Тут хитрость в духе Макьявелли —
Ее не все понять сумели.
 
   Батлер[1]

   Должен с сожалением сказать, что Фолио Клуб — не более как скопище скудоумия. Считаю также, что члены его столь же уродливы, сколь глупы. Полагаю, что они твердо решили уничтожить Литературу, ниспровергнуть Прессу и свергнуть Правительство Имен Собственных и Местоимений. Таково мое личное мнение, которое я сейчас осмеливаюсь огласить.
   А между тем, когда я, всего какую-нибудь неделю назад, вступал в это дьявольское объединение, никто не испытывал к нему более глубокого восхищения и уважения, чем я. Отчего в моих чувствах произошла перемена, станет вполне ясно из дальнейшего. Одновременно я намерен реабилитировать собственную личность и достоинство Литературы. Обратившись к протоколам, я установил, что Фолио Клуб был основан как таковой — дня — месяца — года. Я люблю начинать с начала и питаю особое пристрастие к датам. Согласно одному из пунктов принятого в ту пору Устава, членами Клуба могли быть только лица образованные и остроумные; а признанной целью их союза было «просвещение общества и собственное развлечение». Ради этой последней цели на дому одного из членов клуба ежемесячно проводится собрание, куда каждый обязан принести сочиненный им самим Короткий Рассказ в Прозе. Каждое такое сочинение читается автором перед собравшимися за стаканом вина, после обеда. Все, разумеется, соперничают друг с другом, тем более что автор «Лучшего Рассказа» становится pro tern[2] Председателем клуба; должность эта весьма почетна, почти не сопряжена с расходами и сохраняется за занимающим ее лицом, пока его не вытеснит еще лучший рассказчик. И наоборот, автор рассказа, признанного худшим, обязан оплатить обед и вино на следующем очередном собрании общества. Это оказалось отличным способом привлекать время от времени новых членов вместо какого-нибудь несчастливца, который, проиграв такое угощение два-три раза подряд, натурально отказывался и от «высокой чести» и от членства. Число членов Клуба не должно превышать одиннадцати. На это имеется ряд основательных причин, которые нет надобности излагать, но о которых догадается всякий мыслящий человек. Одна из них состоит в том, что первого апреля, в год триста пятидесятый перед Потопом, на солнце, как говорят, было ровно одиннадцать пятен. Читатель заметит, что в этом кратком очерке истории Общества я не даю воли своему негодованию и пишу с редким беспристрастием и терпимостью. Для expose[3], которое я намерен сделать, достаточно привести протокол собрания Клуба от прошлого вторника, когда я дебютировал в качестве члена этого общества, будучи избран вместо достопочтенного Огастеса Зачерктона, вышедшего из его состава.
   В пять часов пополудни я, как было условлено, явился к мистеру Руж-э-Нуар, почитателю леди Морган[4], признанному в предыдущем месяце автором худшего рассказа. Я застал собравшихся уже в столовой и должен признать, что яркий огонь камина, комфортабельная обстановка комнаты и отлично сервированный стол, равно как и достаточная уверенность в своих способностях, настроили меня весьма приятно. Я был встречен с большим радушием и пообедал, крайне довольный вступлением в общество столь знающих людей.

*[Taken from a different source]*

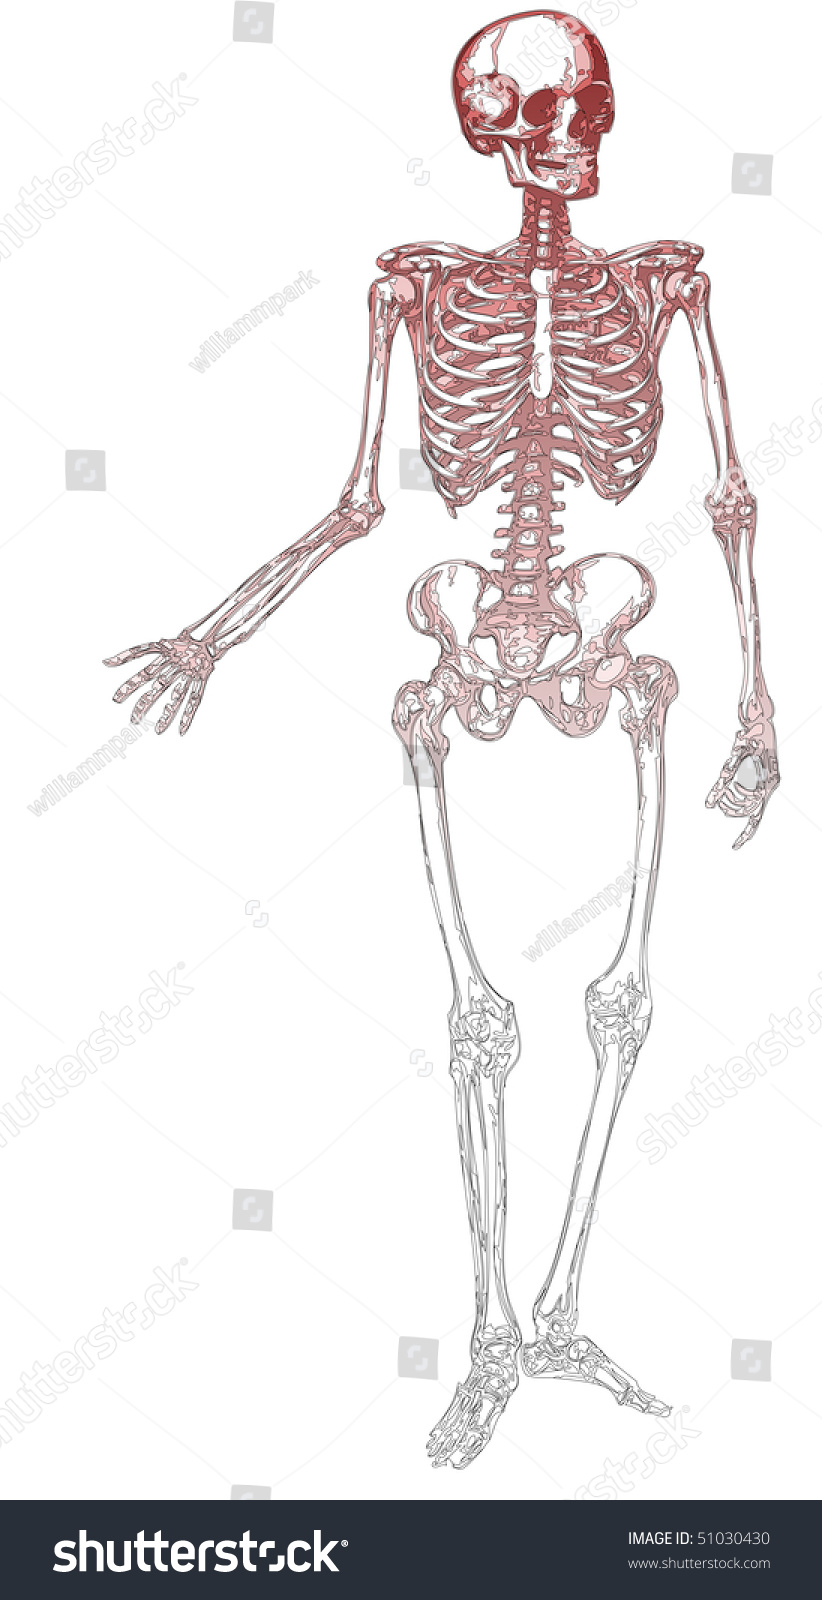 outline-skeleton-stock-vector-illustration-51030430-shutterstock

   Членами его были большей частью очень примечательные личности. Это был прежде всего мистер Щелк, председатель, чрезвычайно худой человек с крючковатым носом, бывший сотрудник «Обозрения для глупцов».
   Был там также мистер Конволвулус Гондола, молодой человек, объездивший много стран.

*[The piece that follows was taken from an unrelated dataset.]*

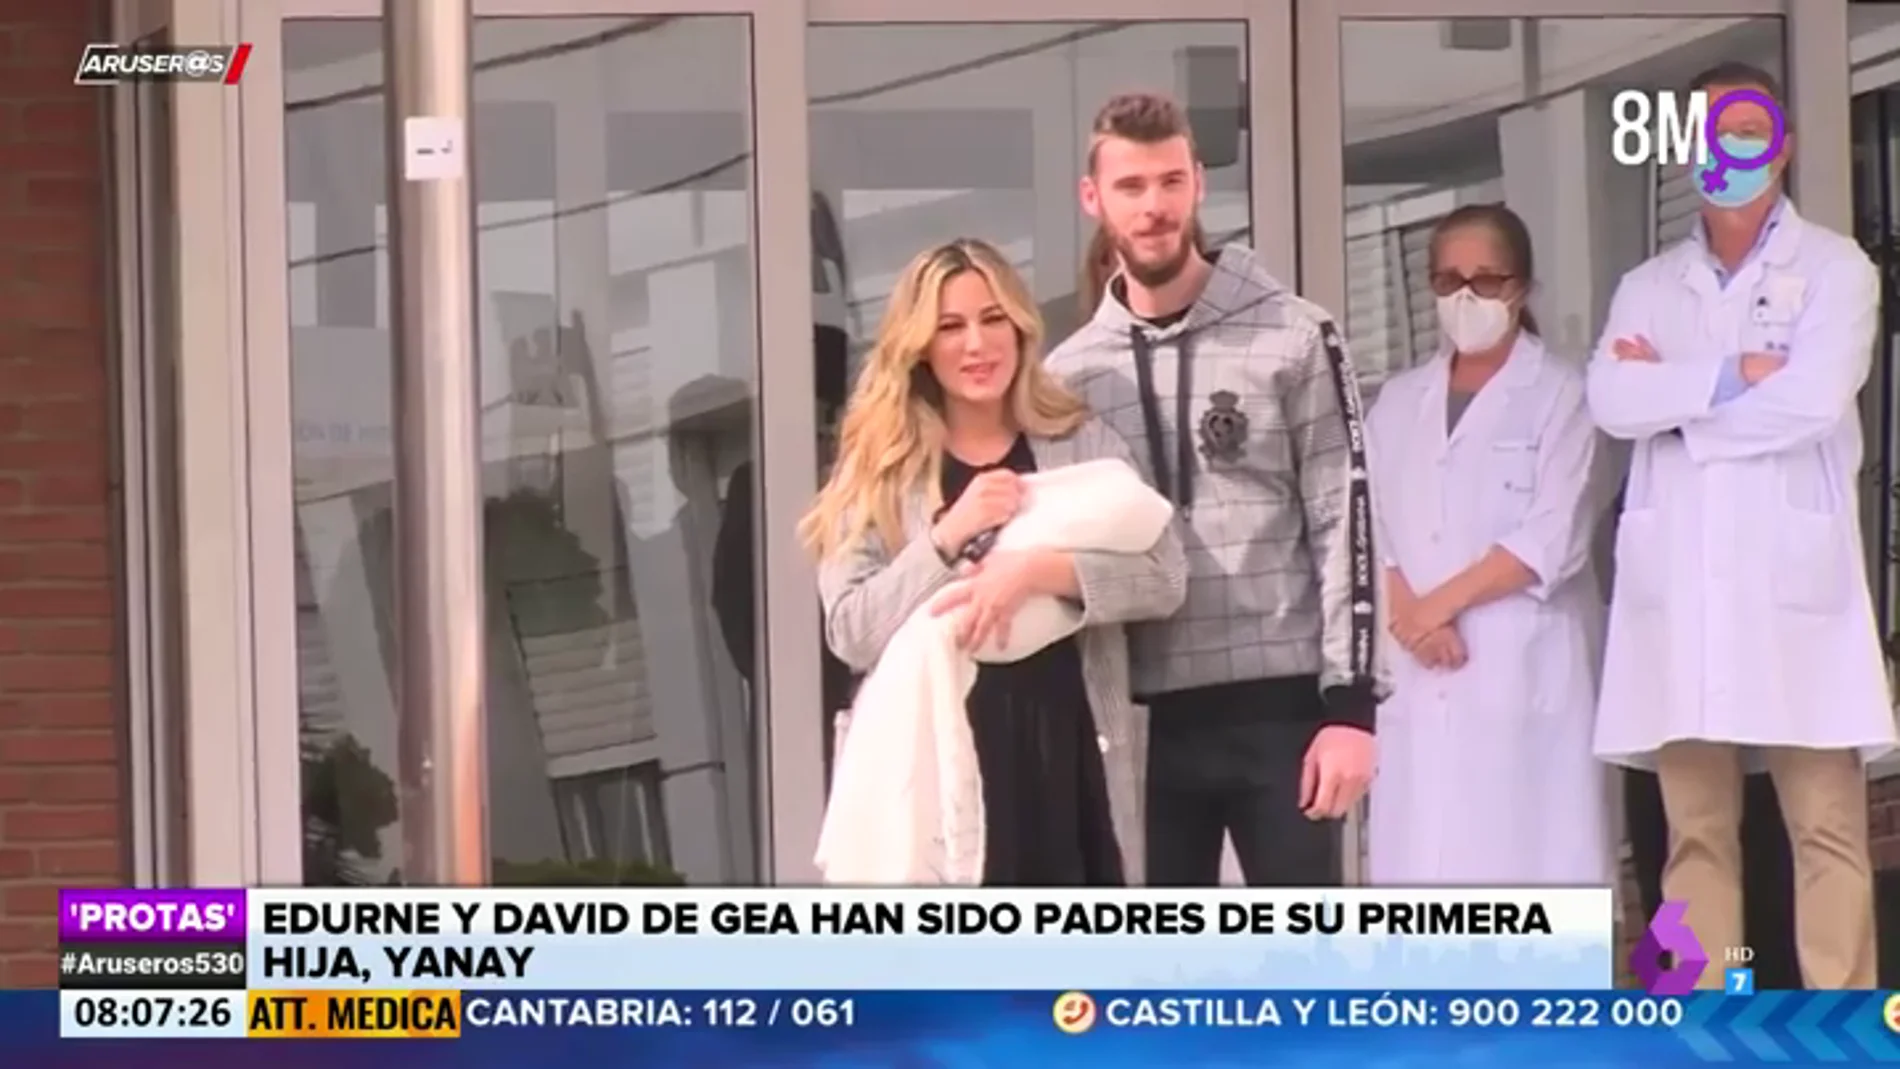 Edurne y David de Gea posan con su primera hija, Yanay, a la salida del hospital

   Был Де Рерум Натура, эсквайр, носивший какие-то необыкновенные зеленые очки.
   Был очень маленький человечек в черном сюртуке, с черными глазами.
   Был мистер Соломон Гольфштрем, удивительно похожий на рыбу.
   Был мистер Оррибиле Дикту, с белыми ресницами и дипломом Геттингенского университета.
   Был мистер Блэквуд Блэквуд[5], написавший ряд статей для иностранных журналов.
   Был хозяин дома, мистер Руж-э-Нуар, поклонник леди Морган.
   Был некий толстый джентльмен, восхищавшийся Вальтером Скоттом.
   Был еще Хронологос Хронолог, почитатель Хорейса Смита[6], обладатель большого носа, побывавшего в Малой Азии.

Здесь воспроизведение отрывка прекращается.